Introduction Neoadjuvant chemoradiotherapy has been shown to reduce local recurrence following radical surgery for rectal cancer with contemporary studies reporting a complete pathological response of up to 30%. Radical surgery is associated with significant morbidity that may be avoided by local excision in selected cases. This systematic review aimed to determine the oncological outcomes of local excision following neoadjuvant therapy.
Method A systematic search of the Medline, EMBASE and Cochrane Library databases was conducted to identify suitable articles. The search strategy captured terms for rectal cancer, neoadjuvant therapy and local excision. Outcomes are presented as weighted pooled proportions where appropriate.
Results A total of 21 unique studies were included (one randomised controlled trial, four comparative cohort studies and 16 cohort studies) that described 1070 patients. The pre-treatment T-stage was cT1 in 2.4%, cT2 in 38.1%, borderline cT2/T3 in 2.7%, cT3 in 37.6%, cT4 in 0.1% and not specified in 19.6% of cases. Long course chemoradiotherapy was administered to 94.0% of patients and short course radiotherapy to 6.0%. Local excision techniques included transanal endoscopic microsurgery (53.7%), transanal excision (34.9%) and other approaches (11.4%). The pooled complete clinical response was 59.4% (95% confidence interval, 43.4% to 74.5%) and the pooled complete mural pathological response (ypT0) was 40.7% (95% CI, 33.6% to 47.9%). The median range of follow up was 38.2 months (range, 12 to 81 months). ypT0 tumours had a pooled local recurrence (LR) of 5.4% (95% CI, 2.8% to 8.7%) and a median disease free survival (DFS) of 90% (70% to 100%). The pooled LR and median DFS for ≥ypT1 tumours was 21.5% (95% CI, 14.8% to 29.0%) and 68.5% (58.3% to 100%), respectively.

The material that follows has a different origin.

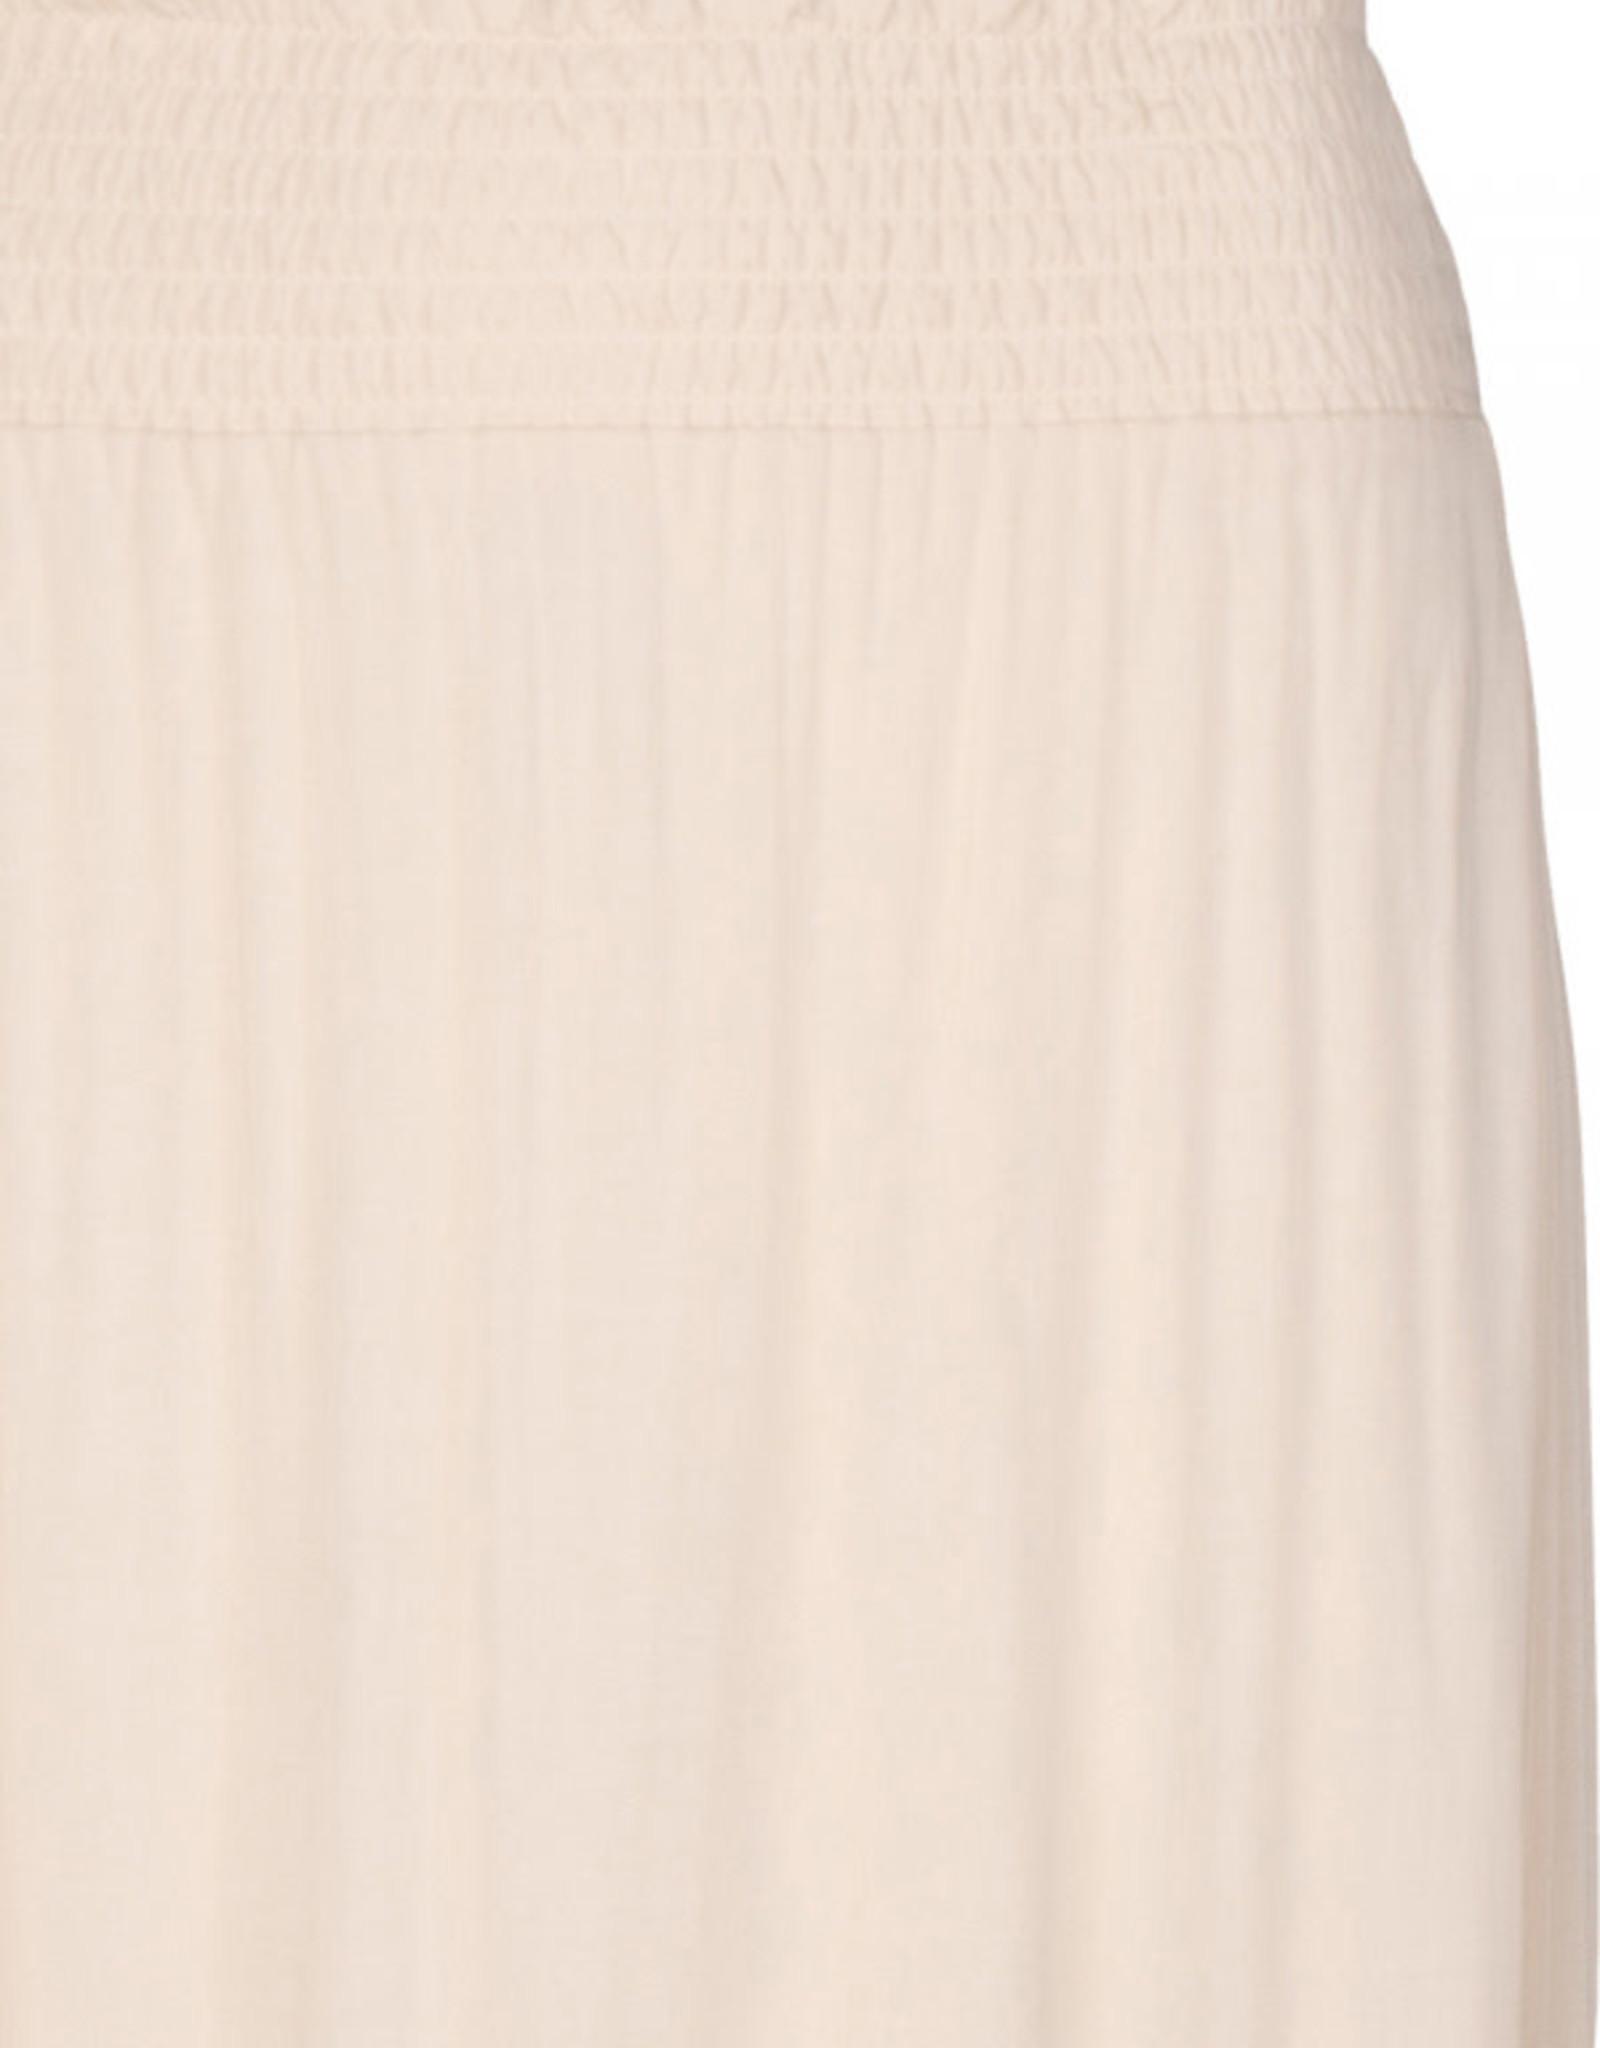 Dante6 Mahina long skirt butter cream

Conclusion Patients undergoing local excision with a complete mural pathological response had favourable oncological outcomes compared to those achieved with radical surgery. Given the unacceptably high rate of local recurrence among incomplete responders, future studies should focus on predicting those patients who will achieve a complete response.
Disclosure of interest None Declared.